BiRD - Birkbeck Research Data

    ‘They’ve never been taught what feminism is’: the case for teaching feminism, gender issues, and related topics in school

    Cite as: Stocker, Laura (2020): ‘They’ve never been taught what feminism is’: the case for teaching feminism, gender issues, and related topics in school. Birkbeck College, University of London. doi: https://doi.org/10.18743/DATA.00077

    Description

    Data collected for dissertation submitted in partial fulfilment of the requirements for the degree of MSc Gender, Sexuality & Society at Birkbeck, University of London, September 30, 2020.

    Interview transcripts with 4 participants aged 19-20 regarding their awareness of feminism and the #MeToo movement in British Columbia, Canada, and the extent to which these topics are taught or discussed by teachers in high school; and 1 high school teacher who incorporates teaching about feminist philosophy in her class.

    Collection Method

    Data were gathered using in-depth, semi-structured interviewing.

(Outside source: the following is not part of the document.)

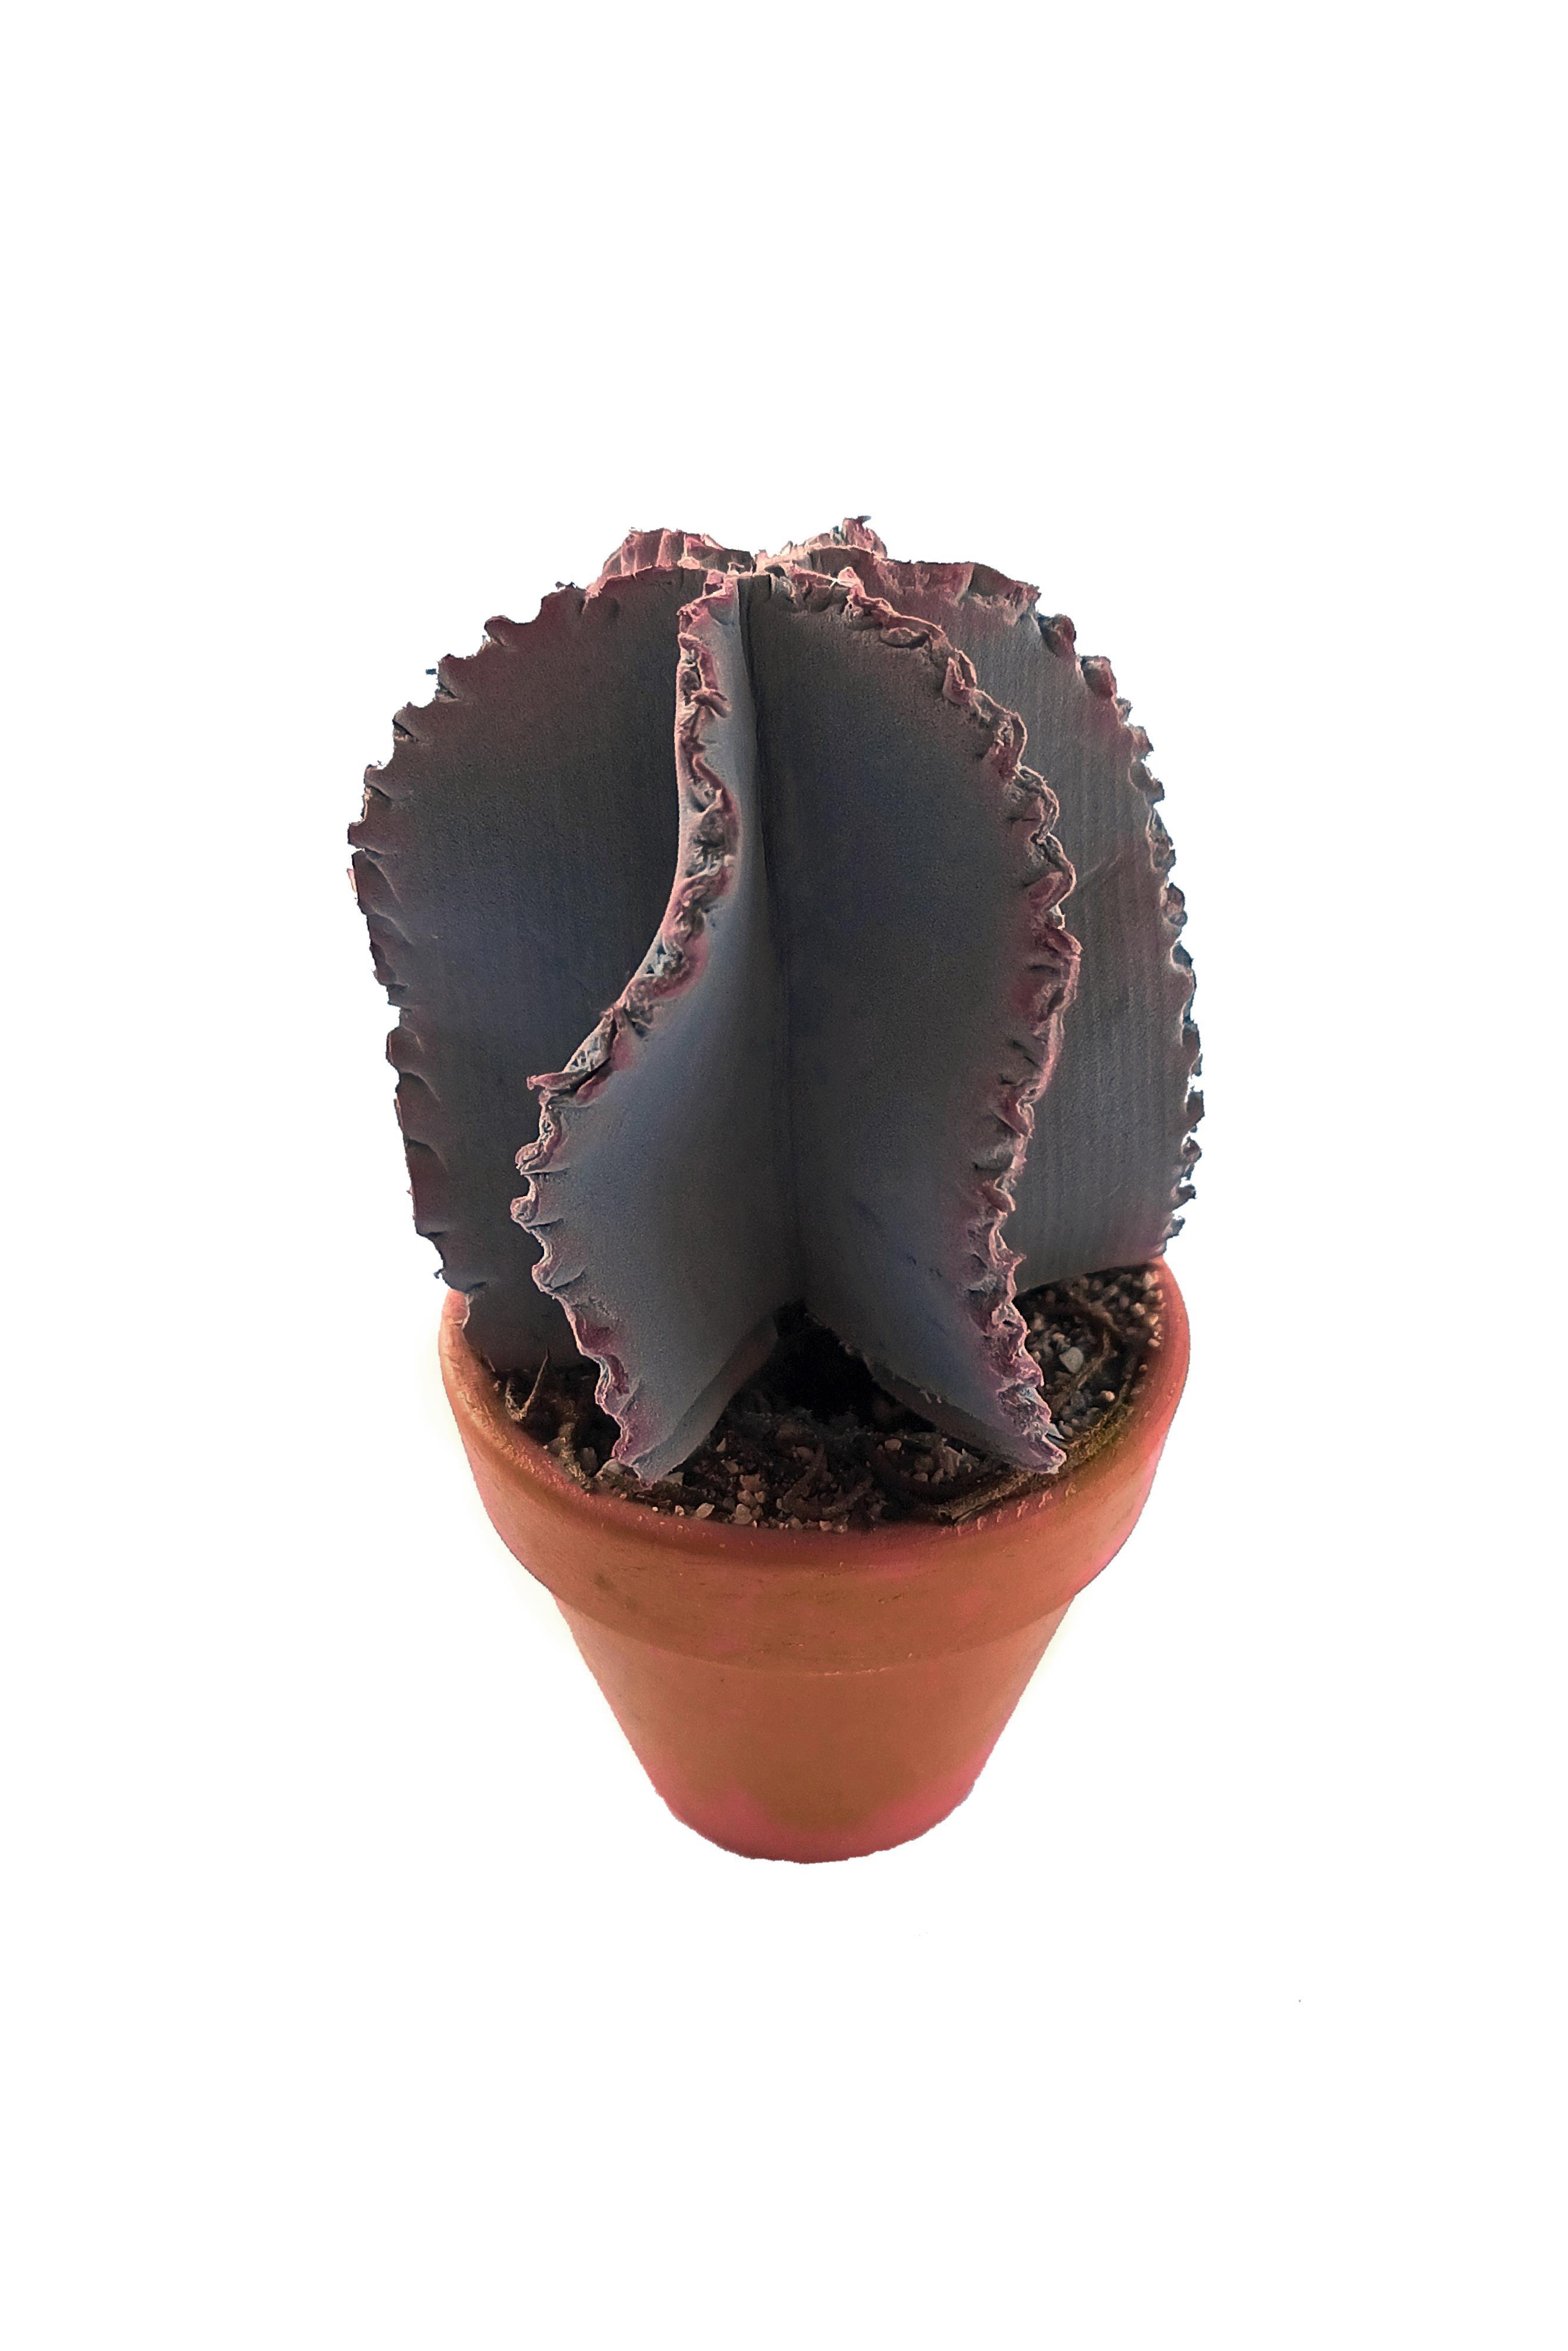 PG057 - Cactus

    Interview questions explored young participants’ awareness of feminism, their experience learning about it in school, and their awareness regarding #MeToo, while those for the high school teacher explored her experience teaching feminist philosophy.
    As this research was conducted during the initial months of the global COVID pandemic, the sampling technique employed was one of convenience. Participants were therefore recruited using my personal network in British Columbia.
    Young participants were recruited based on the following criteria: adolescents aged 19-20 years old of any gender who had completed their schooling in the BC education system. As I was interested in understanding adolescent awareness of feminism and the #MeToo movement, it was necessary to withhold this information upfront; otherwise I considered the validity of the study to be jeopardized as participants could potentially inform themselves on the topics ahead of time. Participants were therefore recruited under the broad topic of “gender-related issues”. Given COVID-19, interviews were conducted online via synchronous connection using video technology.
    The interviews with young participants averaged one hour in length, with the shortest lasting around forty minutes and the longest lasting around an hour and fifteen minutes. The interview with the high school teacher also lasted around one hour and fifteen minutes. Interviews were video recorded and manually transcribed.

    The sample of four young participants was rather homogenous, particularly with regards to gender, as all participants identified as female. Two participants identified as heterosexual, one as homosexual and one as bisexual. Three self-identified as white and one as half Asian, half white. Two participants were 19 and two were 20 years old. The four participants graduated from three high schools located in three different cities/towns within a 50 km radius. All participants were university students and two were working over the summer break. Program majors ranged from environmental studies, psychology, civil engineering, to business. One participant was completing a minor in gender studies as part of her degree. To protect the anonymity of the high school teacher, no demographic characteristics are disclosed other than she is female. Pseudonyms were assigned to each participant.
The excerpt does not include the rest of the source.